With approval from the Governor’s Council, an attorney practicing in Southampton will join the Massachusetts Superior Court, working in courthouses in western Mass.

At a meeting at the Statehouse in Boston, the council unanimously approved the nomination of Francis “Frank” E. Flannery to serve on the Massachusetts Superior Court.

Nominated by Gov. Charlie Baker, and supported by Mary Hurley of East Longmeadow, the elected councilor for District 8, which serves the four westernmost Massachusetts counties, Flannery is expected to begin his new jobs soon.

Emily Gauthier, deputy director of the Judicial Nominating Commission, said Flannerywill reach out to the chief justice of the court to identify a start date that is conducive to their schedules. Once this start date is determined, an internal process in Baker’s office will lead to the oath of office being given.

“Then you have the governor or lieutenant governor swear them in,” Gauthier said, noting that the oath of office is sometimes administered on the day a judge’s tenure begins.

State law requires that Flannery be sworn in within 90 days of their appointment, though Gauthier said this usually happens less than a month after the Governor’s Council vote because vacancies need to be filled as soon as possible.

The unanimous vote came three weeks after the council held hours-long hearings that included numerous questions and testimony from colleagues and friends.

At Flannery’s hearing, retired Superior Court Judge Mary-Lou Rup testified on his behalf.

“There is consistently extraordinary preparation put into his cases and he is very poised, very calm and has a very clear grasp of the law,” Rup said.
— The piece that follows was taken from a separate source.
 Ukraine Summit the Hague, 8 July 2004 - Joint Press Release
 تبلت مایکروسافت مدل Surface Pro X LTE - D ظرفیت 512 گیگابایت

Flannery, who practices at the law office of Parker & O’Grady, lives in Holyoke and earned his doctorate in law from Willamette University in Salem, Oregon, after earning a bachelor’s degree from UMass Amherst. He previously served as an assistant district attorney for the Northwestern district attorney’s office.

The state’s Superior Court has 82 justices who sit in 20 courthouses in each of the state’s 14 counties. The Superior Court has exclusive original jurisdiction of first-degree murder cases and original jurisdiction of all other crimes.